Польша. Балинка. 21 июня 1941 года…
Горбенко с трудом открыл глаза и вдруг почувствовал, что ему очень холодно. Приподняв голову, он осмотрелся вокруг. В колющей глаз ночной темноте он рассмотрел, засеянное клевером поле, несколько деревьев, растущих на его краю и серебристую рябь реки, которая текла за полем. Всмотревшись в её изгибы, он вдруг понял, что это Неман, на другом берегу, которого была территория СССР. Горбенко с трудом встал с земли и вдруг увидел, что рядом с ним лежит бесчувственное тело Зоси Скавронской. Он осторожно поднял её и, не разбирая дороги, понес через поле к реке.
Часть вторая. Первый день войны
Гродно. Управление НКВД. 22 июня 1941 года…
Через маленькое зарешеченное окошко начали пробиваться первые еще робкие солнечные лучи. Горбенко посмотрел в окно и понял, что скоро, всего через несколько минут, наступит рассвет. Он бросил взгляд на ручные часы. Было половина четвёртого ночи двадцать второго июня тысяча девятьсот сорок первого года. Тяжело вздохнув, Горбенко опустился на деревянную койку. Он сидел в крошечной, всего три на три метра, камере предварительного заключения городского управления НКВД Гродно. В соседней с ним камере сидела Зося Скавронская. Сразу после перехода границы, поздно вечером в субботу, они оба были арестованы пограничниками и под усиленной охраной доставлены в пограничную комендатуру, находящуюся в городе Осовец, километрах в ста от Гродно. Горбенко попросил, как можно быстрее связать его по телефону с капитаном Матвеевым, который возглавлял управление НКВД в Гродно и который отправлял его с заданием на территорию Германии. Но ему ответили, что капитан Матвеев сейчас очень занят, и говорить с ним не может, так как по приказу наркома обороны в гарнизоне города объявлена боевая тревога.
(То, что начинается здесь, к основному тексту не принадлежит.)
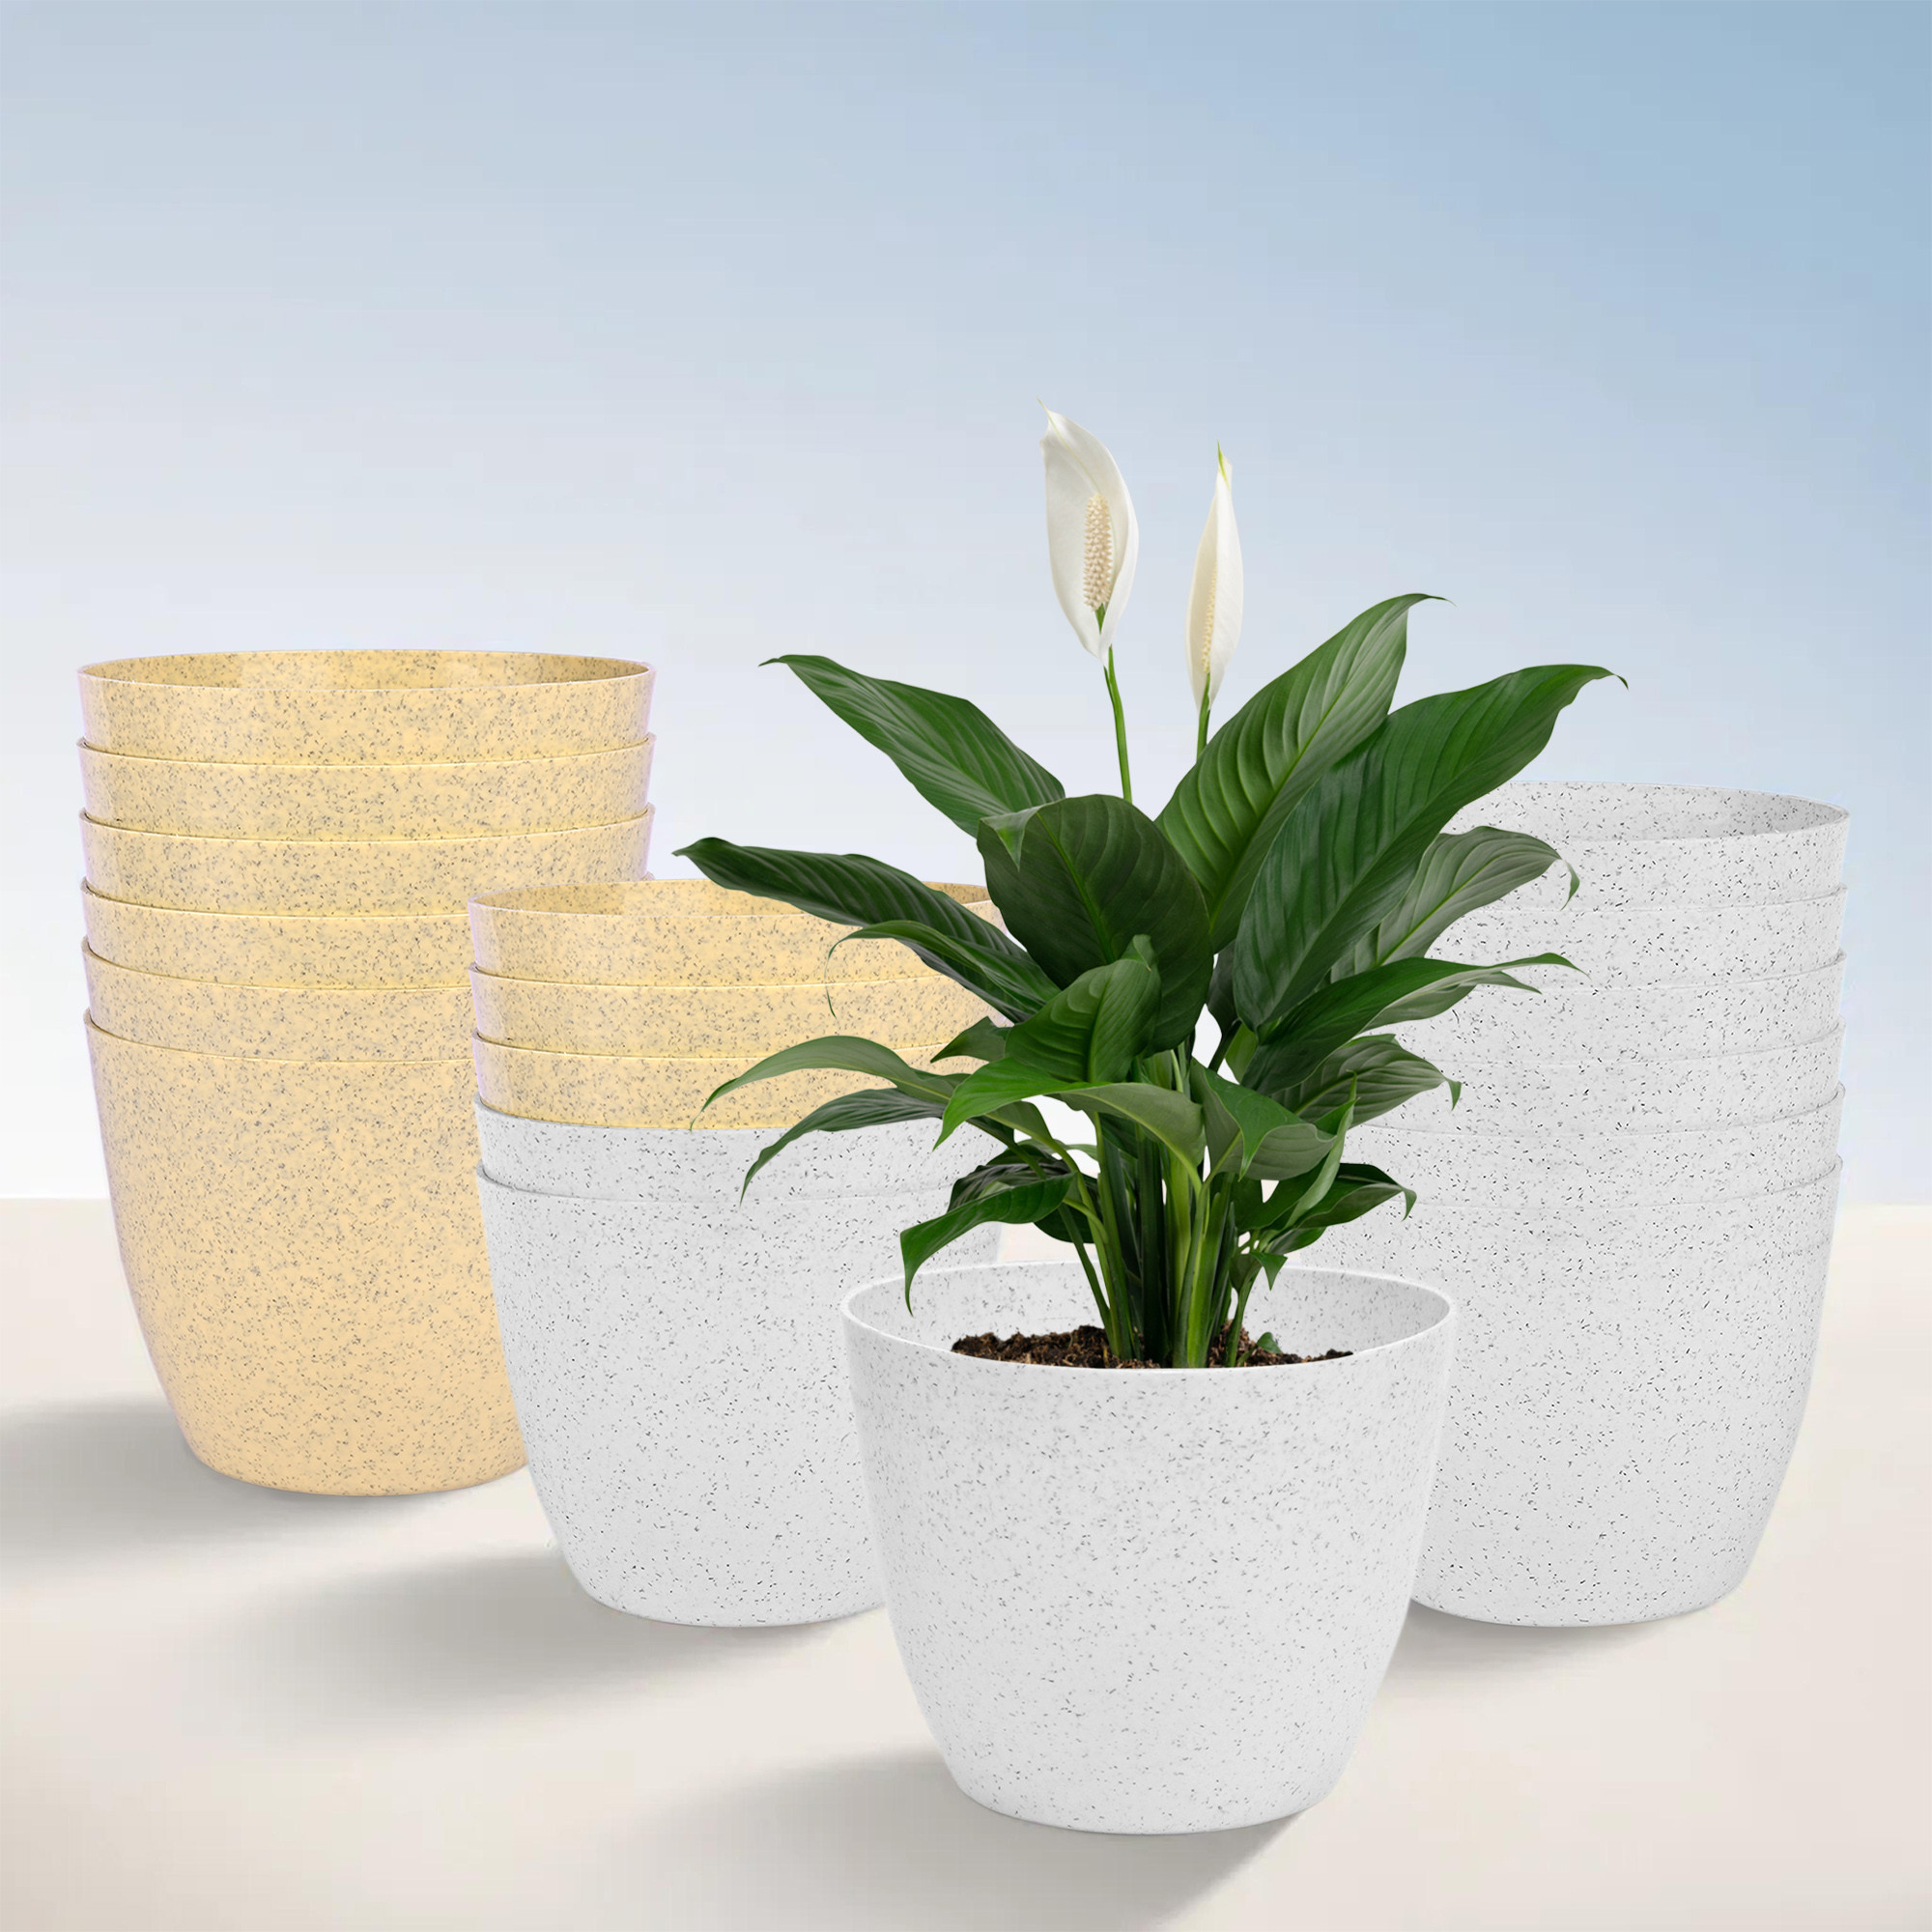 Kuber Industries Flower Pot | Flower Pot for Living Room-Office | Flower Planters for Home-office-Lawns & Garden Décor | Planters Pots for Balcony | Marble Cool | 5 Inch | White & Beige

Через час в комендатуру приехала машина, на которой Горбенко и Зося Скавронская были доставлены в Гродно и без объяснения причин посажены в камеры внутренней тюрьмы при городском управлении НКВД. Чуть позже начальник караула, который охранял внутреннюю тюрьму, сказал Горбенко, что распоряжение об его аресте получено из Минска и, что завтра утром он вместе с Зосей Скавронской будет отправлен туда. Пожав плечами, Горбенко смирился со своей участью, прилег на койку и постарался заснуть. Но сон не шел к нему. Тяжелые мысли одолевали его, и он снова и снова пытался понять, что же с ним произошло за последние два дня – кто его освободил из эсесовского застенка и, как он попал на пограничный берег Немана? Все произошедшее с ним было настолько нереальным, что даже сам Горбенко с трудом верил в случившееся. Что же тогда говорить о других… И самое неприятное было то, что с момента своего освобождения из камеры пыток до того, как он очнулся на клеверном поле, Горбенко почти ничего не помнил. Не могла ему ничем помочь и Зося Скавронская, так как тоже была без сознания и очнулась только тогда, когда Горбенко переплыл вместе с ней Неман. По своим коротким, отрывочным воспоминаниям Горбенко предположил, что его и Зосю освободили польские партизаны. Он видел на рукавах людей, ворвавшихся в камеру, где их допрашивали эсэсовцы, бело-красные повязки. Скорее, всего, они напали на концентрационный лагерь, находящийся где-то поблизости, так среди партизан были люди в лагерной одежде. Но зачем они отвезли его и Зосю на границу? Словно они знали, кто он такой.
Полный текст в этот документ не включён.